We caught up with Kelly in advance of his presentation to get an insight of what we might learn:
Tell me a bit about your work at Mozilla
I lead the Machine Learning Group here at Mozilla, an amazing team of technologists working together to create open source deep learning technologies. We're very focused on collaborative approaches that will increase access to speech and other technologies.
As manager, a lot of what I do is tending to the flock. I wake up early because my focus is the best in the morning. I usually start my day reading and writing research papers, taking my dogs for a walk around the Spree River (which runs through the middle of Berlin), eating breakfast, and answering emails.
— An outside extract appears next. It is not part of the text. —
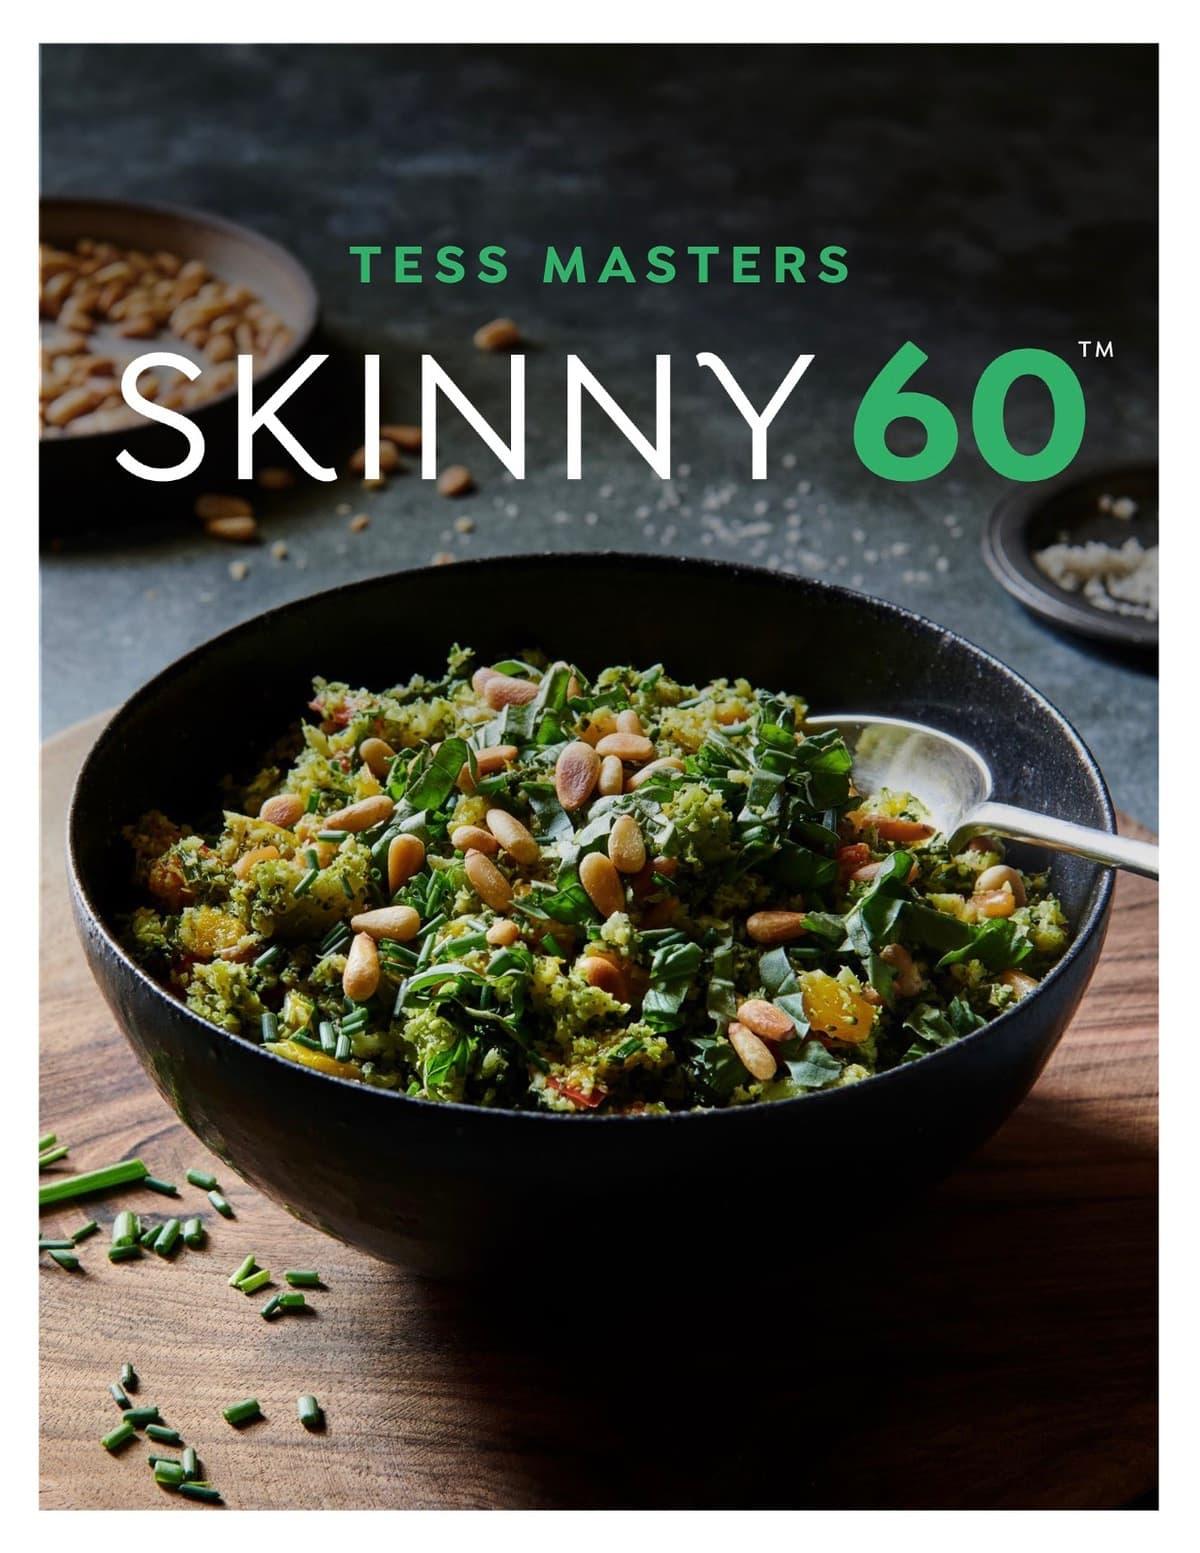 Skinny60™ Weight Loss Program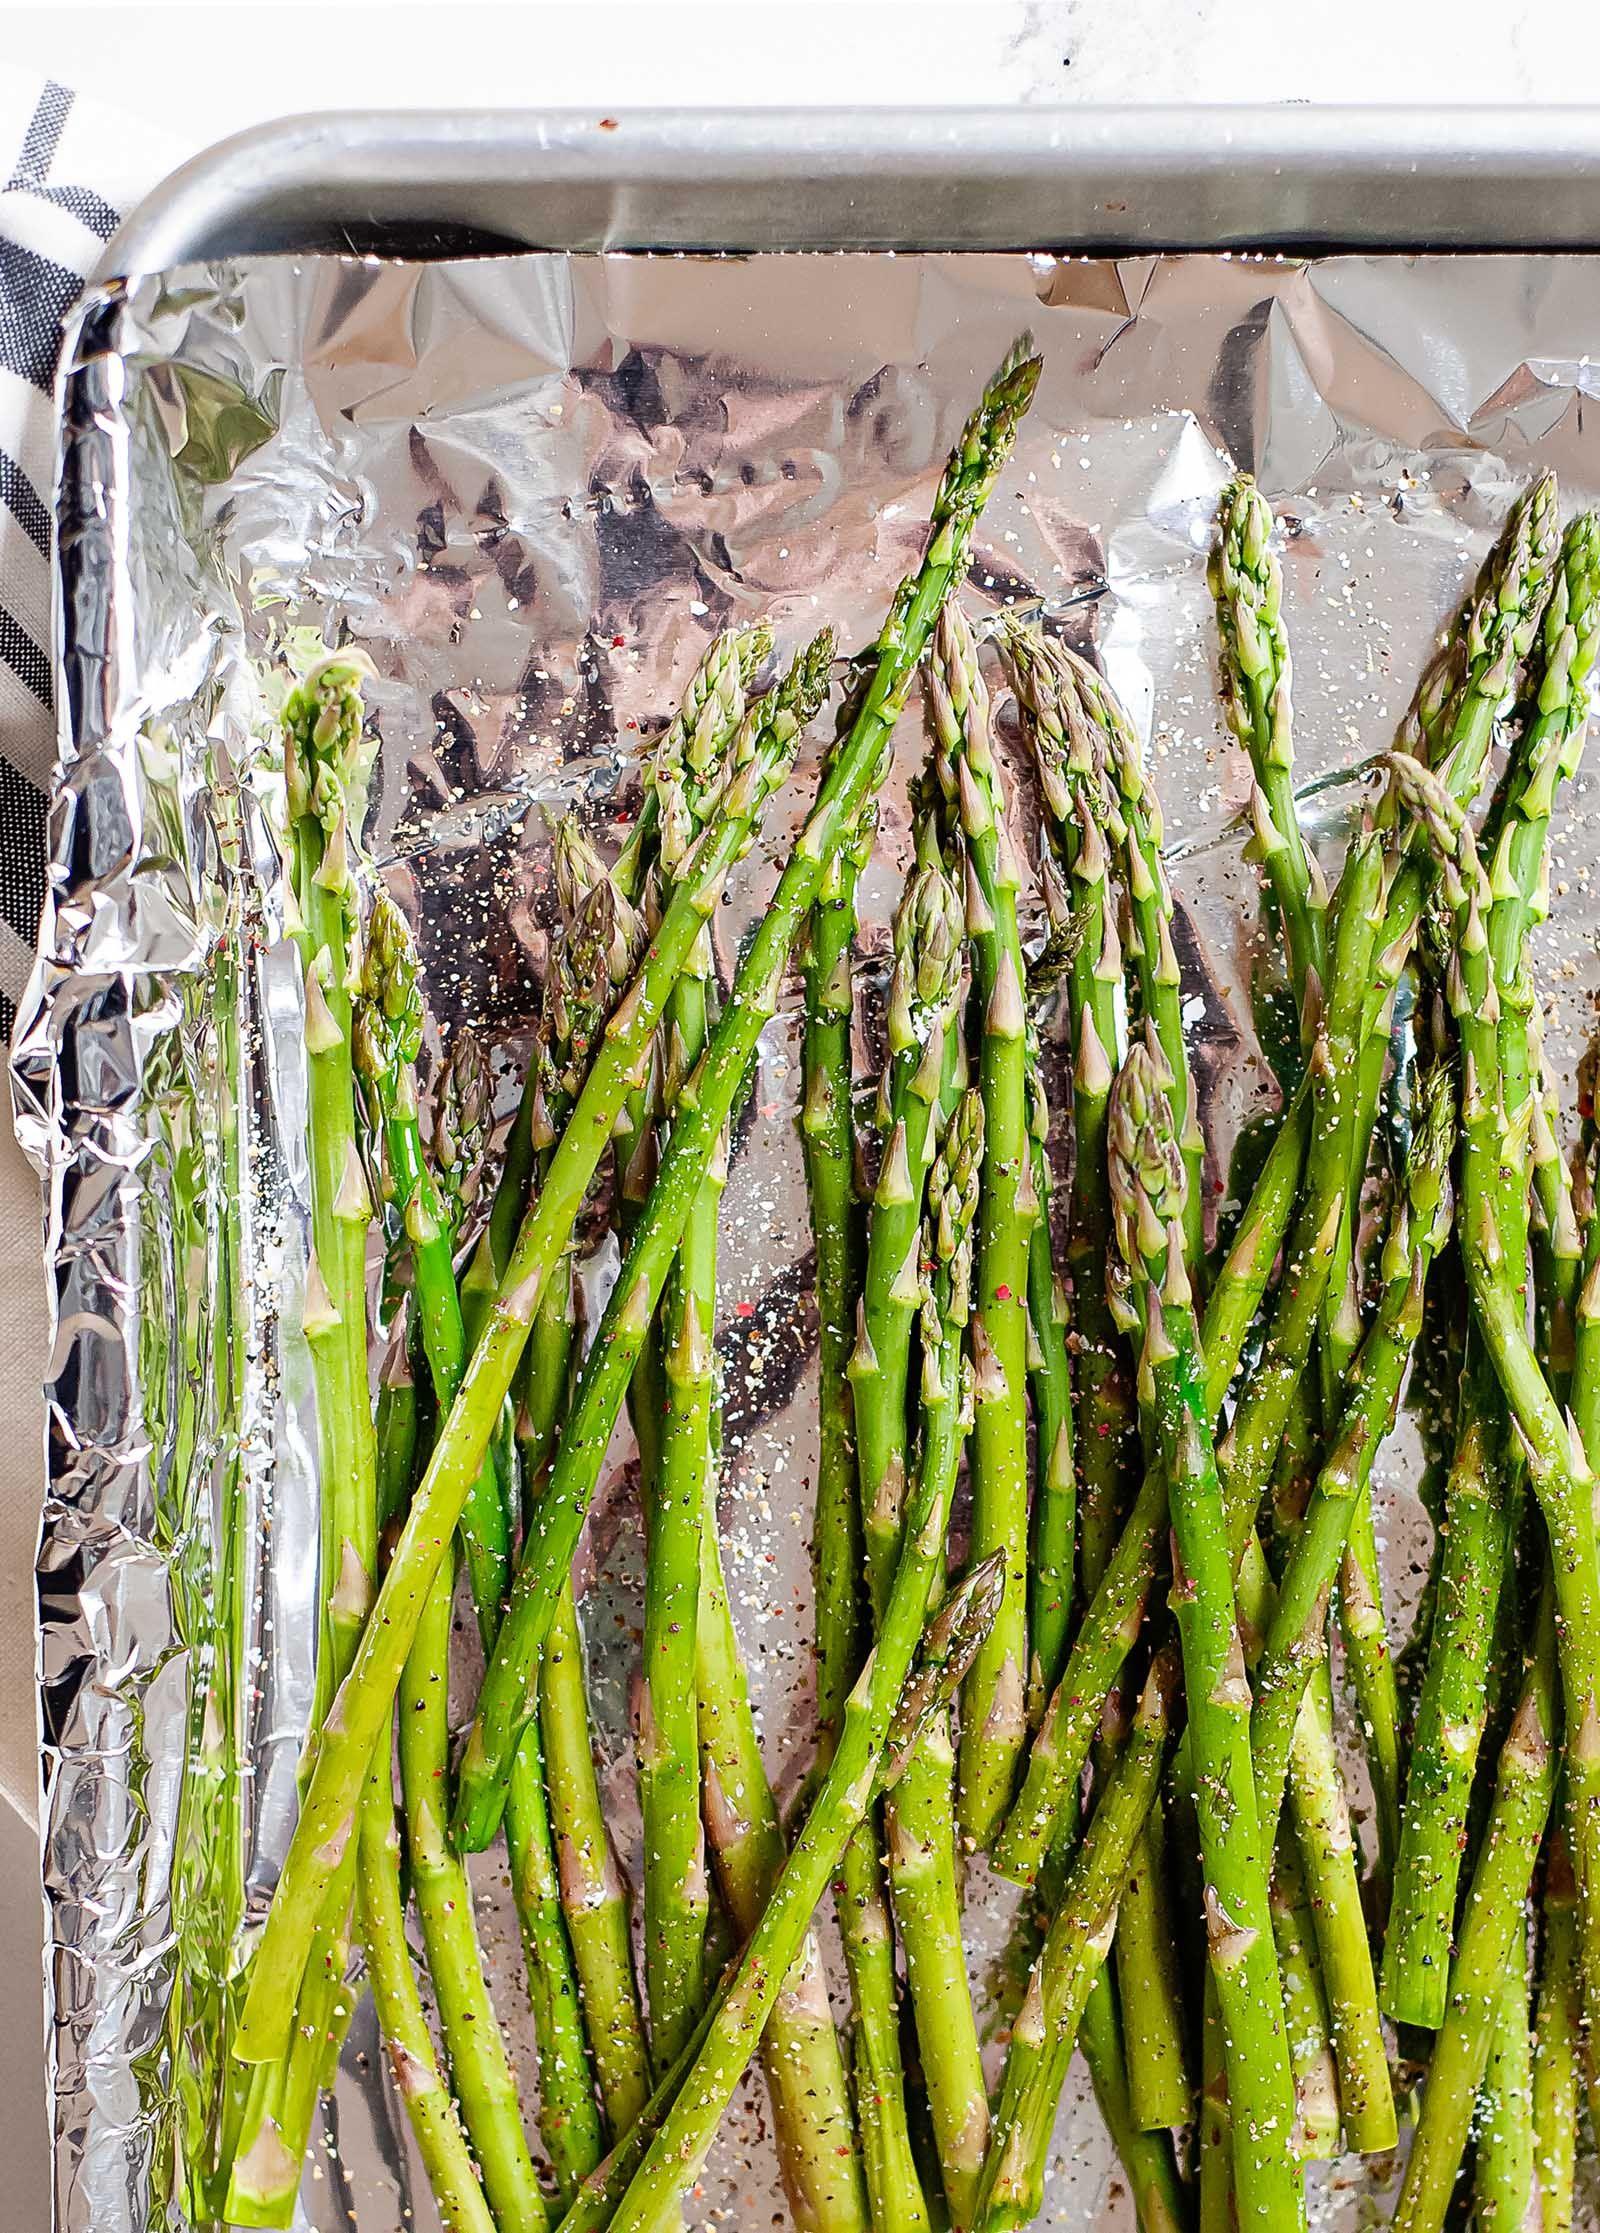 How To Prep Asparagus For Cooking Simplyrecipes Com In 2020 How To Cook Asparagus Asparagus Ways To Cook Asparagus

After that, there’s a myriad of things I work on, starting with one-on-one meetings with my team. I check their progress on projects and provide support with any barriers they’re encountering in their work. We also run an internal journal club as advances in machine learning are happening at such a rapid pace. Weekly someone presents a research paper that they’ve found interesting over the week.
I meet with Mozilla external partners. Partners may want to help pool data resources for Common Voice, or talk about the internationalization effort that’s going on now in this next phase of the project. There are also internal groups at Mozilla that are using our software and I may meet with them to see what we can change or improve, or to understand new machine learning technologies that we can supply.
How did you begin your work in AI, and more specifically deep speech?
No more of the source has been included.